Don't be fooled. Just because one nice publisher recognizes the merit of your project and chooses to publish it, doesn't mean others will feel the same.  It's easy to be lulled into a false sense of optimism, but it is not recommended. I can only imagine how devastating it must be to get bad reviews. It certainly isn't very nice when the accepted manuscript continues to get rejected elsewhere. But such is life. Here's the latest:
Dear WR: Thank you for submitting [Title of Novel] for the 2014 PEN/Bellwether Prize for Socially Engaged Fiction, founded by Barbara Kingsolver. After a careful review of more than 150 qualifying manuscripts, we have selected this year's 10 finalists. We have now moved on to the next phase of judging.
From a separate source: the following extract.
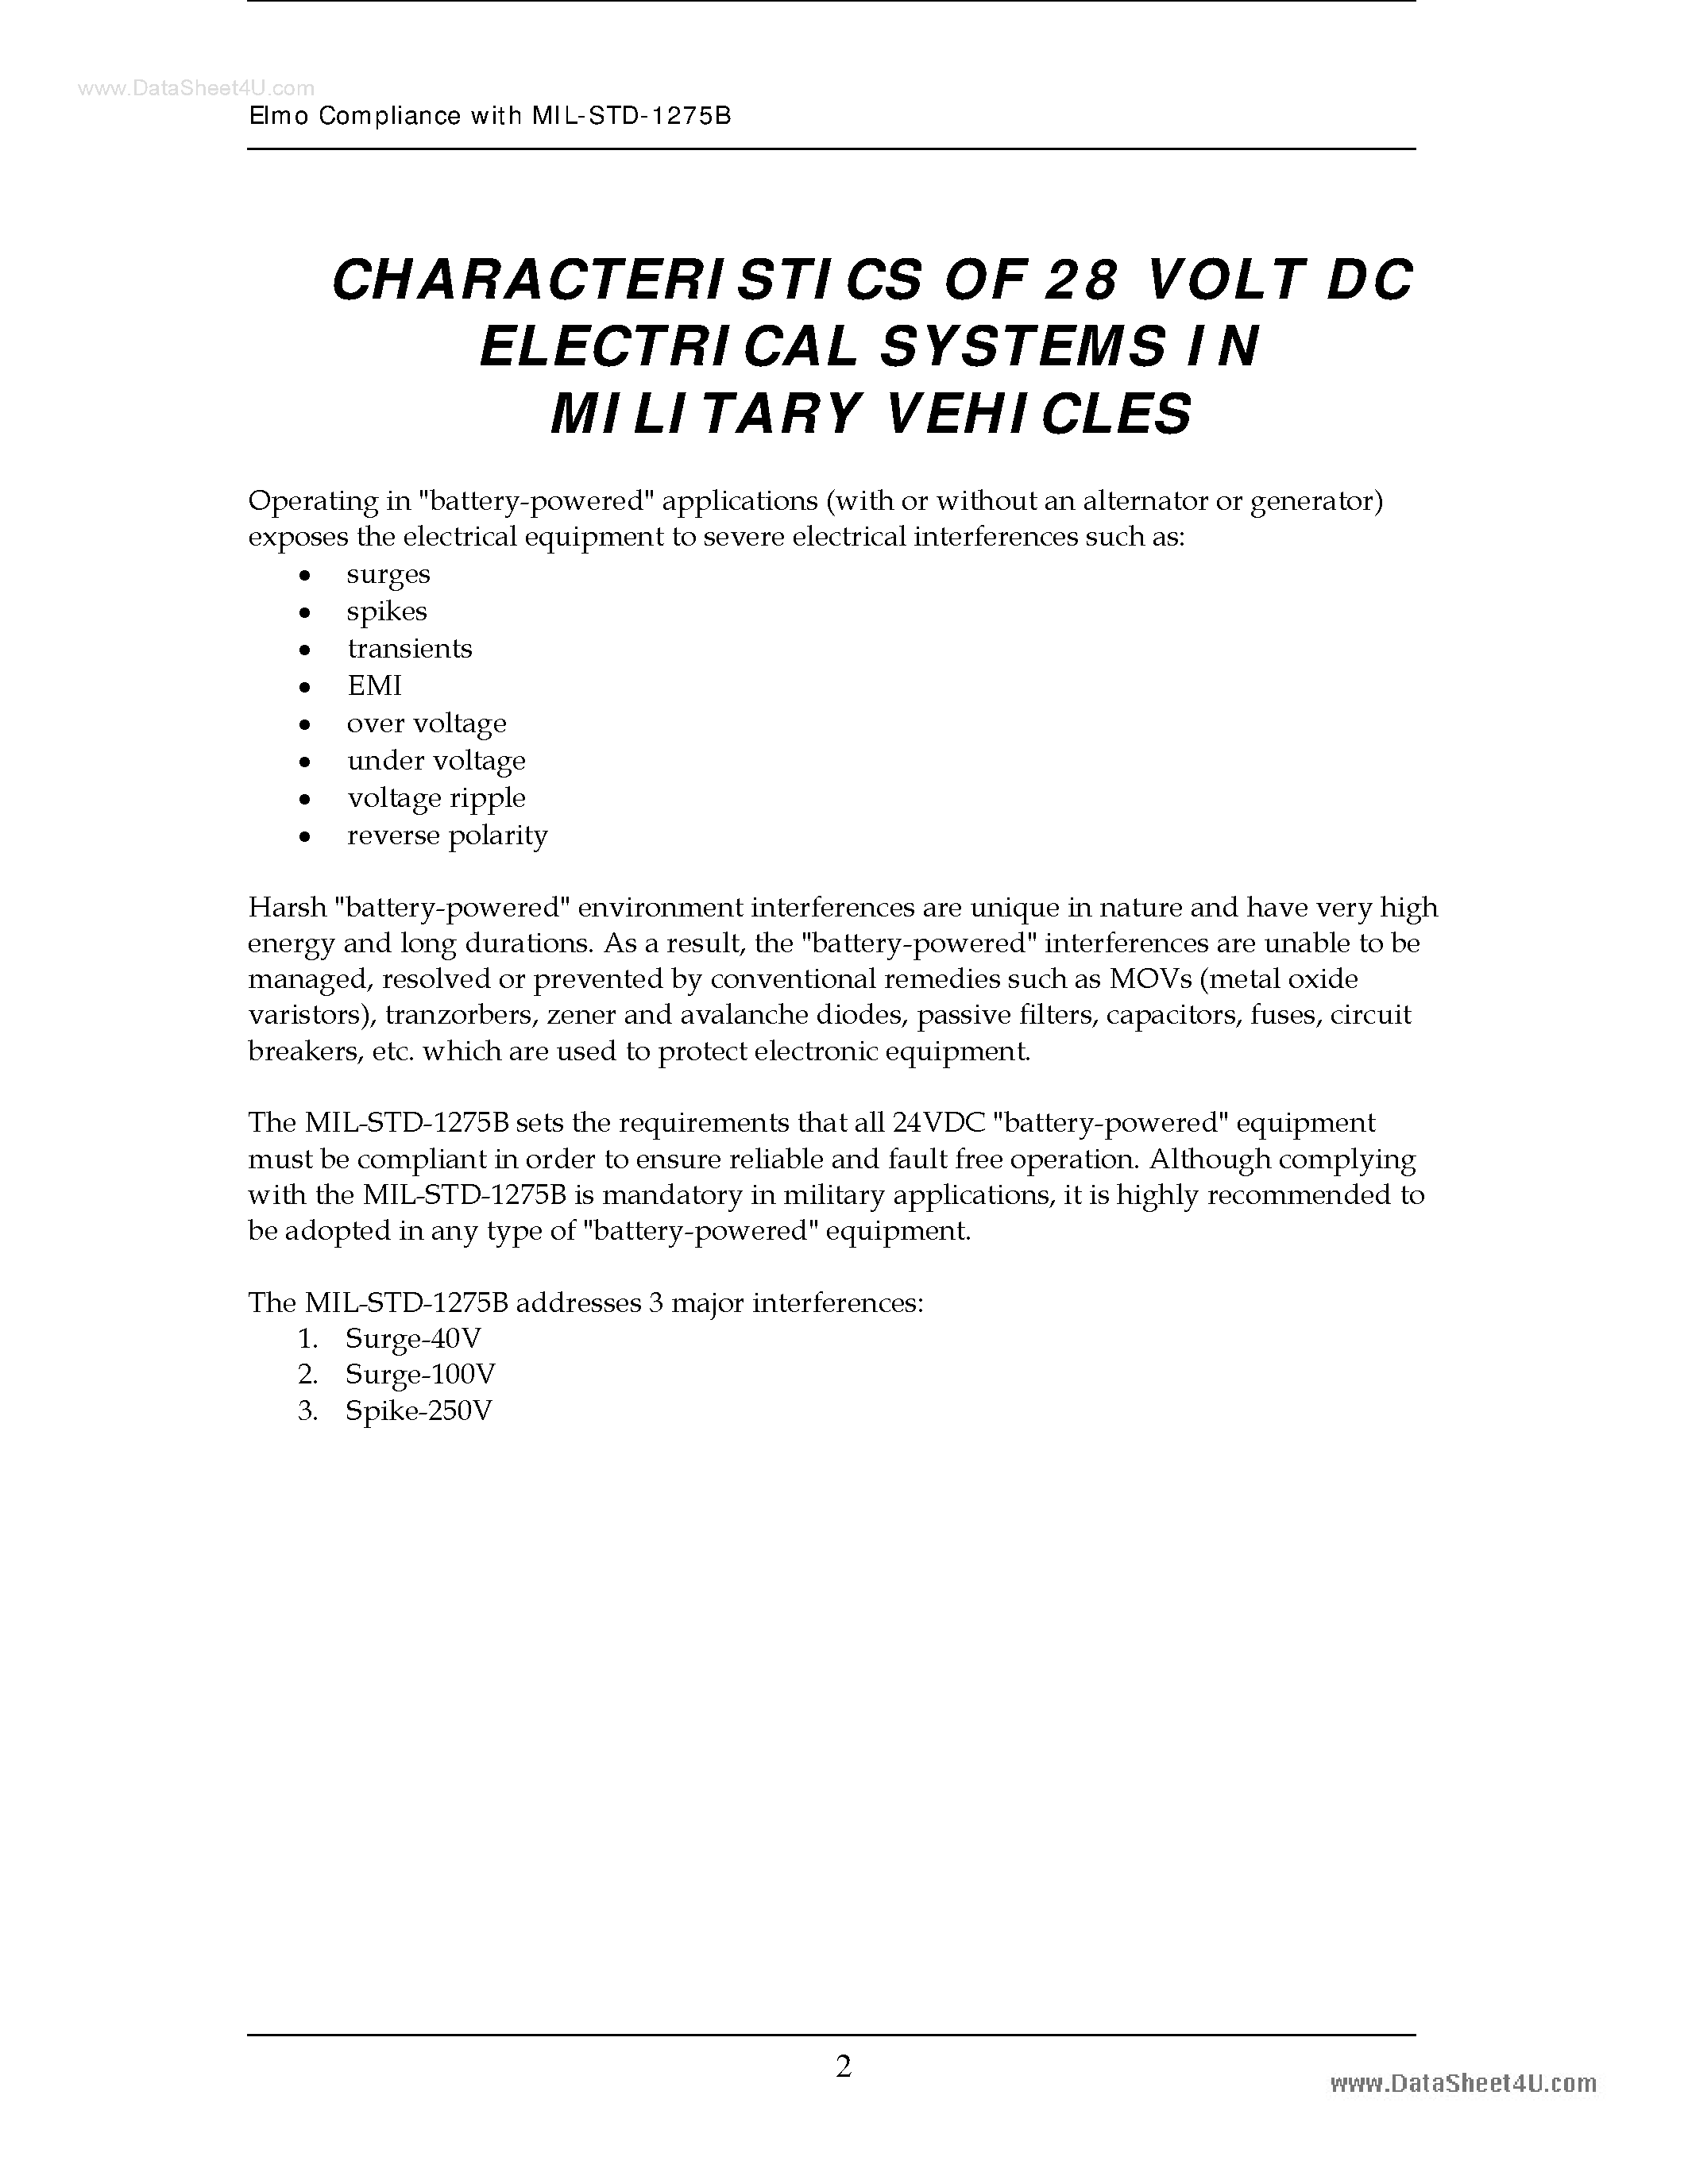 Datasheet MIL-STD-1275B - Elmo Compliance page 2

We are sorry that your novel was not among the finalists. With this letter, we release you from any further obligation to this year's competition, you should feel free to submit the manuscript elsewhere. If you plan to revise your novel significantly, we invite you to resubmit it for a future prize cycle.
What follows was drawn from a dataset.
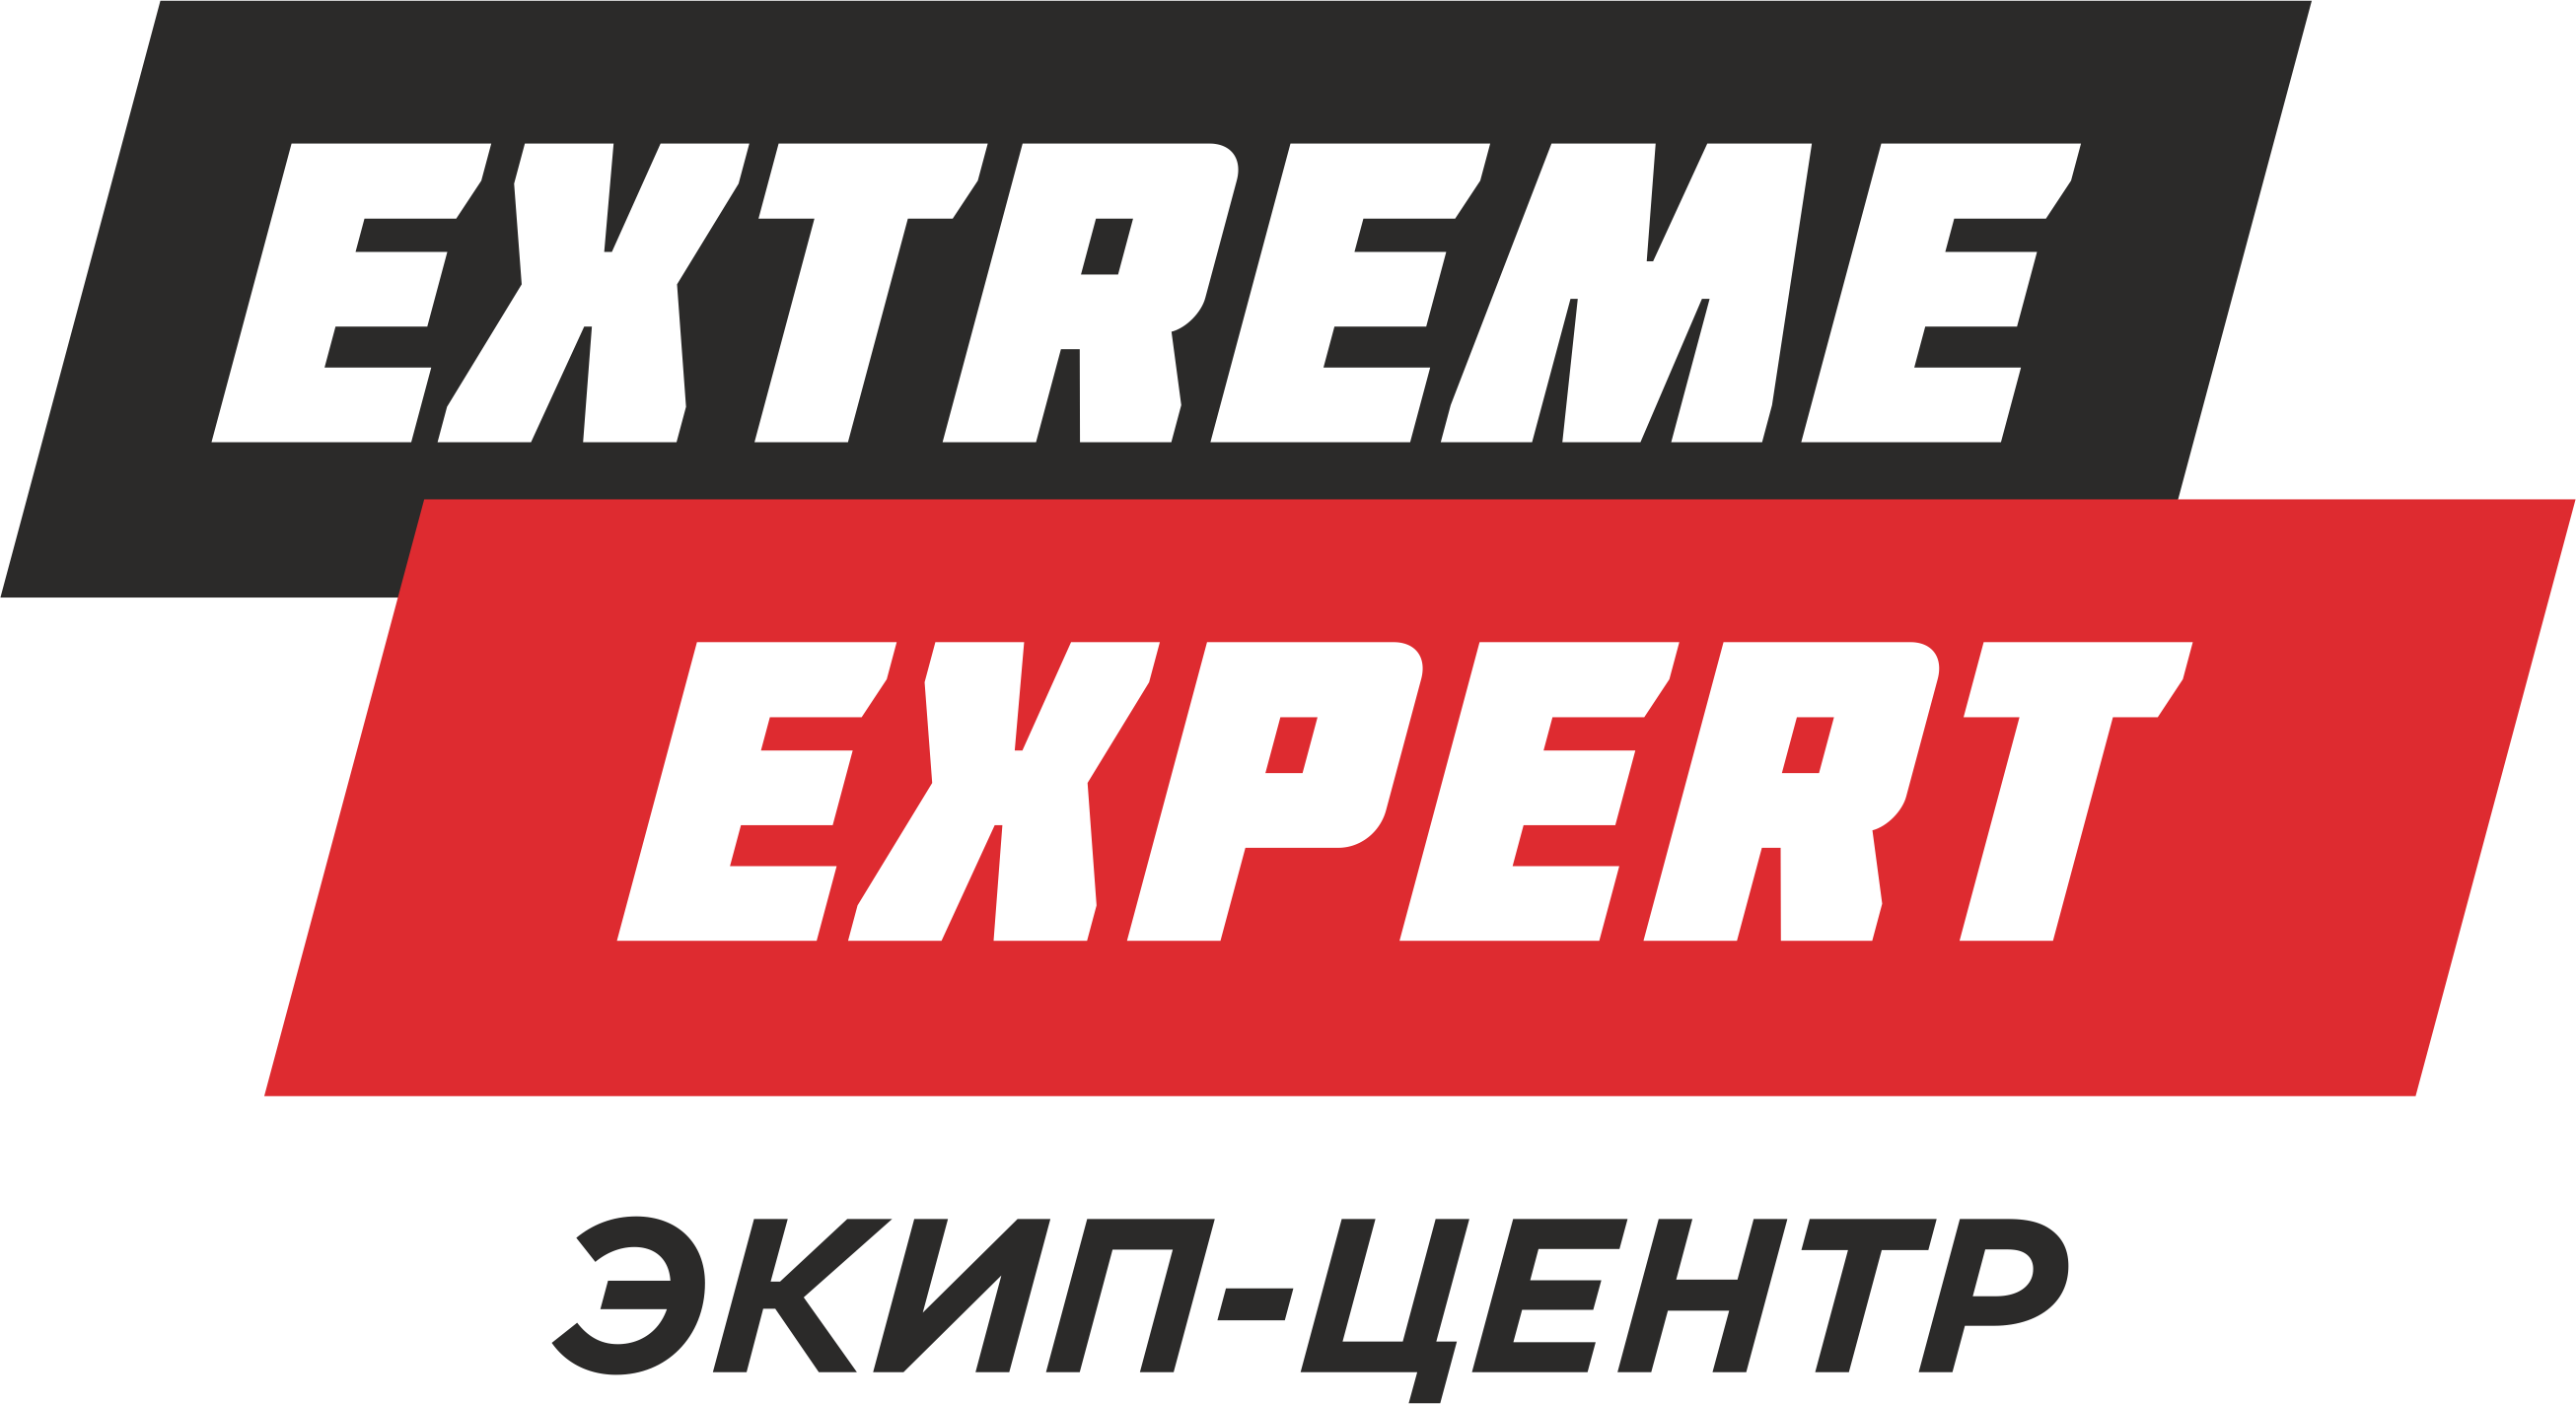 Extreme Expert

Thank you again for your interest in this prize and best wishes for your work in the future.

Best regards,
Arielle Anema
Literary Awards Associate
PEN American Center
Awards@pen.org
I hadn't really felt under any obligation to not submit my manuscript elsewhere (obv.). But I have been released  from it nonetheless.

Tuesday, April 1, 2014

April Blurb's Day

This may seem like April Fool's joke, but it's not. Someone pretty hefty among the literati is going to read my novel and maybe blurb it. This happened through a friend, who picked up the phone and asked, who is also sending an advanced reading copy to the person, who has a very large readership, like Oprah-sized (no body jokes, please; we love O at every size). It may not happen, of course. But today it makes me happy to think that it might.

Thursday, March 27, 2014

They're Heeere!

Advanced reading copies are here. And just like poltergeist, it's all very unreal and a little scary. If you're a press person, or a lit blogger, or just a curious bird, and you want a copy to review, read, or carry around, or if you want to be the one to reveal WR's identity on your platform (if anyone at this point really cares), just drop me a line old-school at writerrejected [at] aol [dot] com. Pub date is November, 2014. I'll give you an exclusive on whatever part of the story you want. Or not. I have no idea if anyone out there is still with me. Prob should have moved on to other technologies: twitter and whatnot. The person I live with (aka my spouse) tells me that blogs are dead. And I thought I was on the cutting edge trumpeting in 80 posts the death of fiction. Oh well, I am behind the times because it took 15 years to publish my novel. What can you do?

Saturday, March 22, 2014

Hang on to Your Hat, Terrified Self

News flash: Advanced reading copies have arrived at the publisher's, and a few are probably by now in a box winging their way to me. Also, copies are being shipped to the kind literatti who have agreed to blurb my book. And are off to a really great media list.  And have been sent for humble submission to the Flaherty-Dunnan First Novel Prize judges at the Center for Fiction. Anyway. Wow. In a way, it's happening so fast.  But also in a "15-years-later" kind of way. I was thinking about not putting a photo on the back because I am weirded out by the fact that I am so much older than I thought I'd be when I finally pushed out this second book. What picture could ever represent all those years? But friends and spouse convinced me that I would be sorry to not have some representation of me at this moment to go out there with the thing.  I am sure they are right.  I would probably regret it. The whole photograph thing was a nightmare, but I think I landed on a photo that at the very least looks like me--if you squint and stand back and rub it with Vaseline. We'll see. Also, I really have the urge to slow time down, realizing that this will never happen again. Never will there be a day where I get an email announcing with glee that the advanced reading copies of my first novel are ready. I love my publisher. She is an amazing person, who does so much for literary publishing, and barely makes any money, and says things like, "I just think this should be a book in the world," and ends her email with "Here we go!"